Виталий Шенталинский - Свой среди своих. Савинков на Лубянке
А потом я каждый день ходил на кладбище, в склеп, и смотрел через окошко в гробу, как медленно, медленно (она была набальзамирована) разрушалось лицо. Темными тенями. Синеватыми пятнами. Провалом около губ.
А теперь я об этом вспоминаю почти спокойно.
28 апреля.
…Кое-где на кустах распустились листья (на дворе). Сегодня была гроза и сильно пахло дождем в камере, а на прогулке — сырой землей.
В жизни бывает несколько таких ярких дней, что их невозможно забыть, — ярких в своей простоте, в том, что ничего не случилось. Вот помню. Мне года 3–4 (еще в Вильне), я иду от сквера вверх, по Большой улице, с кем-то, может быть, с мамой. У меня в руках барабан, а солнце горит в небе, и на стеклах фонарей, и в дождевых лужах. А мне очень, очень радостно и хорошо. А вот другой день: мы возвращаемся с Л. Е. из Uemblay пешком, через мост. Я покупаю ландыши у старухи. Потом сидим внизу, у берега, в cafe и смотрим на солнце. Оно на небе, и на реке, и у Л. Е. в глазах. И мне так же радостно, как тогда, ребенком, в Вильне.
Андрей Павлович — честный и стойкий солдат, Фомичев — мразь, С. Эд. (Павловский. — В. Ш.) — зверь.
29 апреля.
…Лет пятнадцать назад, Ильфракомбе, меня поразило море. Очень высокий, скалистый берег, почти замкнутым кругом. Внизу, совсем глубоко, кипящая, бело-синяя, расплавленная масса, которая ходит ходуном и рычит. Надо всем — совершенно свинцовое небо. Свинцовое небо и в Гаммерфесте, и в Вардё, но море другое, не расплавленное, не металлическое, а водяное, и не рычит, а свистит и воет. В Индийском океане — индиго и золото наверху. Слепнут глаза. В Северном — муть, белесые волны и дождик наискосок… После Индийского океана Красное море — серого цвета, Средиземное — грязноватого. После Зунда то же Средиземное море — как Индийский океан. La relativite du choses!..[14]

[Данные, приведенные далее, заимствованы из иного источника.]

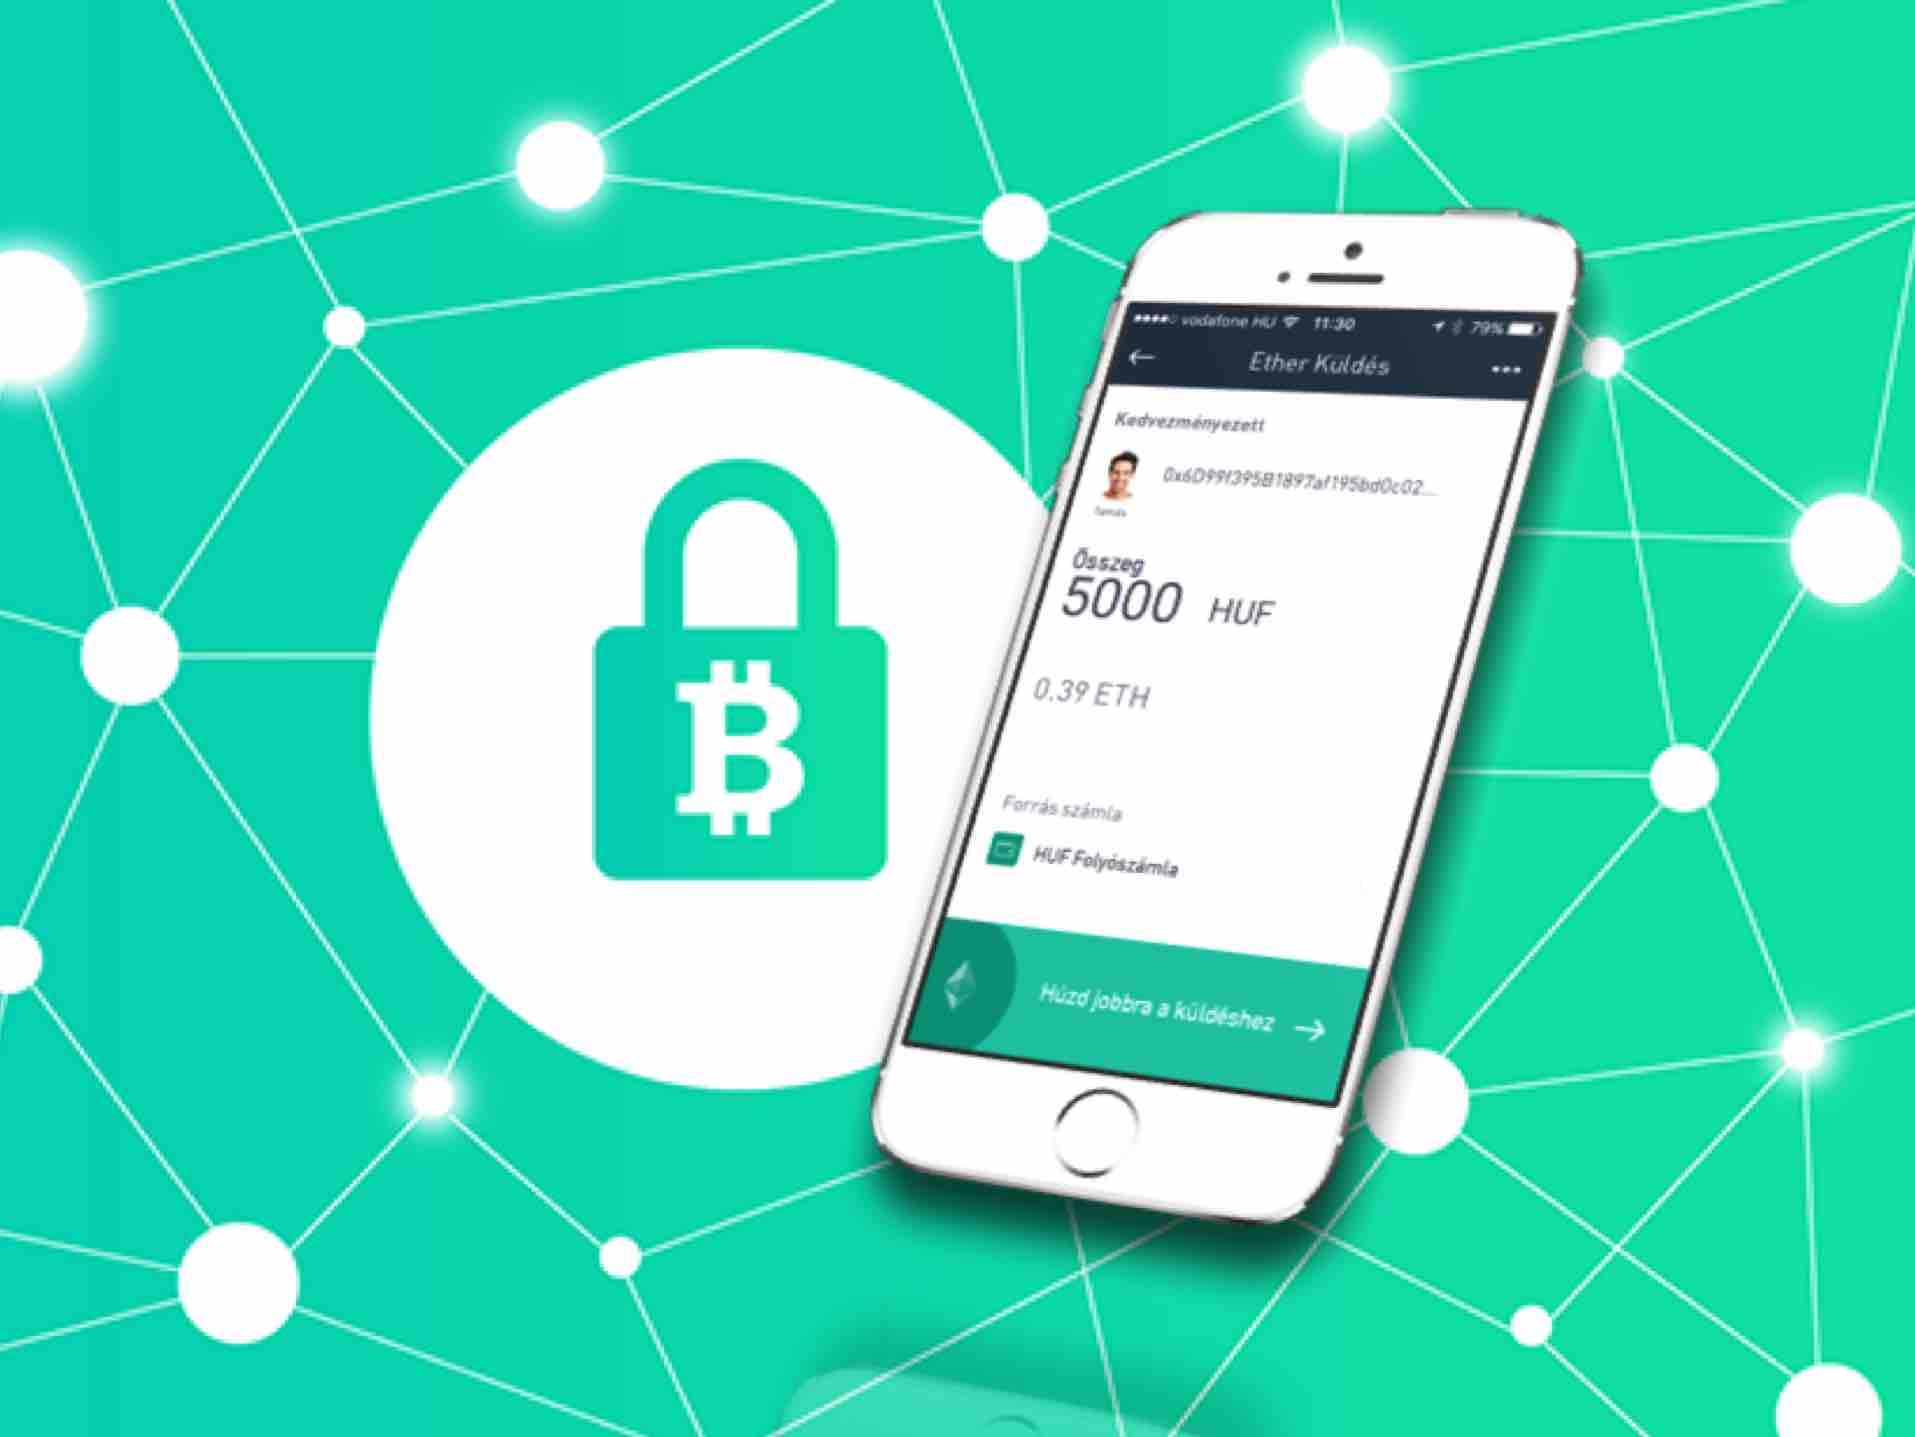 Shinrai blockchain api magyar fintech piacter

Первые листья во дворе — акации!
Ландыши, которые принесла Л. Е., уже отцвели…»
Он продолжает фиксировать в дневнике скудные приметы тюремной жизни — пишет их, словно углем, точными штрихами, с редкими сценками — прогулки, визиты Любови Ефимовны — с новостями из потустороннего шумного мира. Ей ведь тоже нелегко найти себя, устроиться в советской Москве, на птичьих правах, с постоянным страхом за будущее…
Ведет изнурительный разговор с современниками — то сводит счеты с бывшими друзьями, затянувшийся спор, который становится все ненужней, то обращается к чекистам, которые тоже не поняли, обманули его, то говорит с самим собой: почему таким клином сошлась жизнь, в чем он просчитался и в чем действительно был виноват.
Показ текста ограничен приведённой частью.